By Matthew Kassel | Published June 2019
Ehud Asherie’s amiable new piano trio album, devoted entirely to standards, is both quaint and audacious. More often than not, modern jazz pianists—aside perhaps from Bill Charlap—are opting to write and record their own compositions, rather than prove their familiarity with, say, the Gershwin songbook. But Asherie succeeds here as an interpreter of old material thanks to his refreshingly recherché song choices: “And Then She Stopped,” and the title track, written by Louis Armstrong and Jelly Roll Morton.
It’s a testament to Asherie’s keyboard wizardry that he should take on “Wild Man Blues,” a tune most famously recorded on cornet, in 1927. You can’t bend notes on a piano, but Asherie certainly makes a gospel-inflected go of it on this deeply swinging rendition. Although some of these tunes are a bit predictable in terms of form, Asherie makes things fresh with a number of rhapsodic solo introductions featuring classical flourishes. But swing is the essence here, and Asherie is ably accompanied by two masters of timekeeping: bassist Peter Washington—who serves as the ballast in Charlap’s trio—and drummer Rodney Green. Though they take some solos of their own, they exist primarily in this group to accentuate Asherie’s sensitive musings.
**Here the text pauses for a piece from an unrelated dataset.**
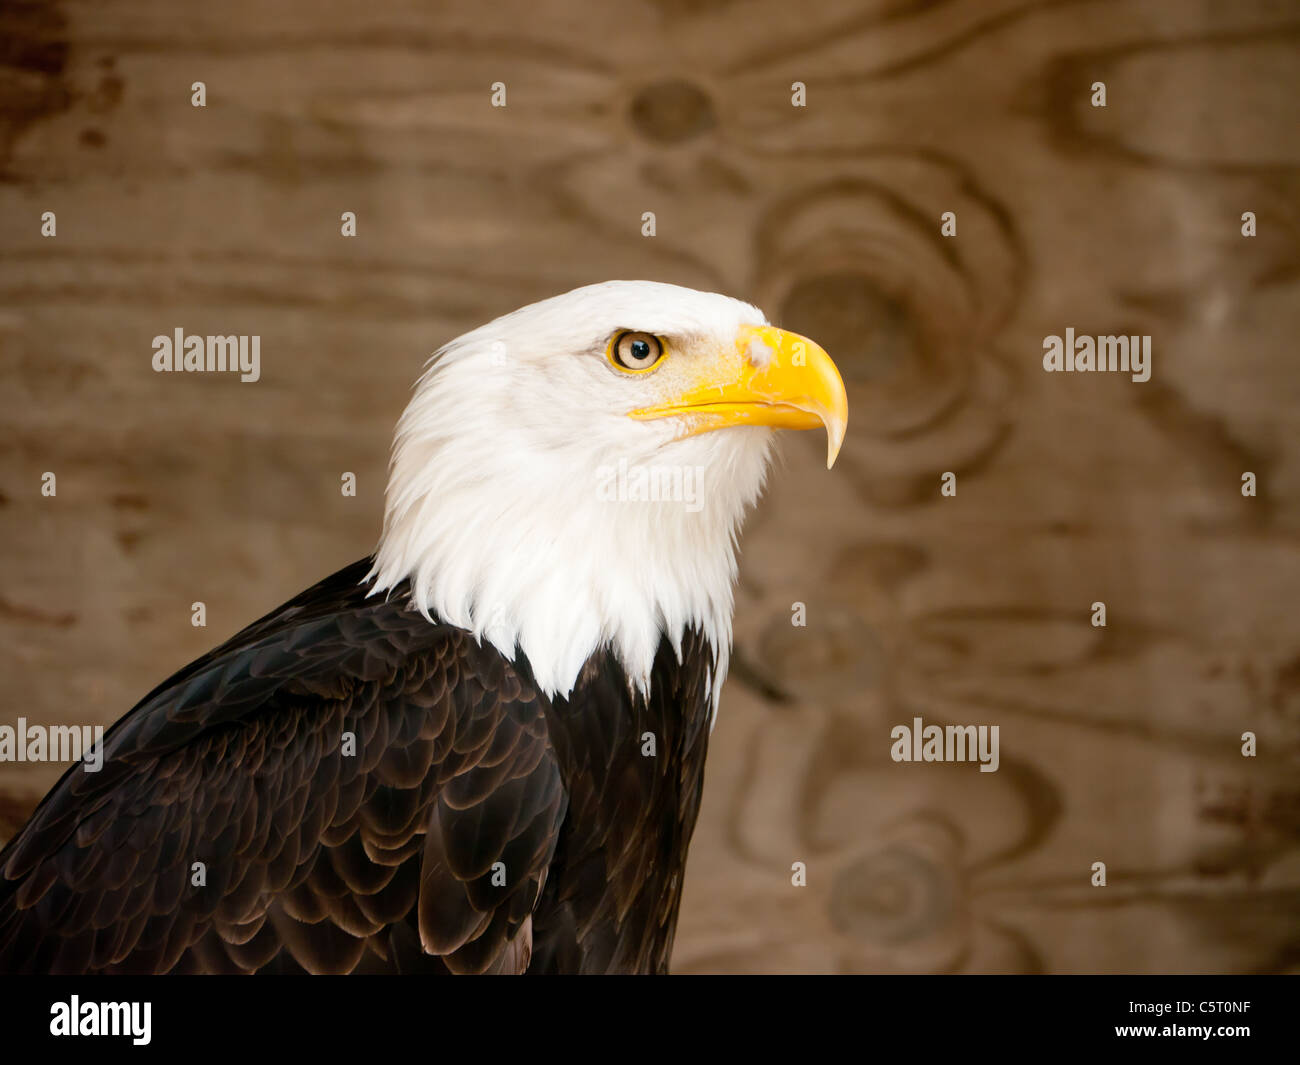 Bald Eagle in the Falconry Center, Morton-in-Marsh, United Kingdom Stock Photo

The material here could suggest that Asherie has some antiquarian tendencies—he previously recorded Shuffle Along, a tribute to stride innovator Eubie Blake—but he isn’t clinical about the past. Filtered through Asherie’s dexterous fingers, all of the songs on Wild Man Blues feel alive. And if anything, the bandleader seems to abide by a dictum put forth by the great stride practitioner James P. Johnson: He keeps it modernistic.
Wild Man Blues: Wild Man Blues; Parker’s Mood; Flying Down To Rio; Autumn Nocturne; Chasin’ The Bird; Na Baixa Do Sapateiro; Oh, Lady Be Good; And Then She Stopped. (46:47)
Personnel: Ehud Asherie, piano; Peter Washington, bass; Rodney Green, drums.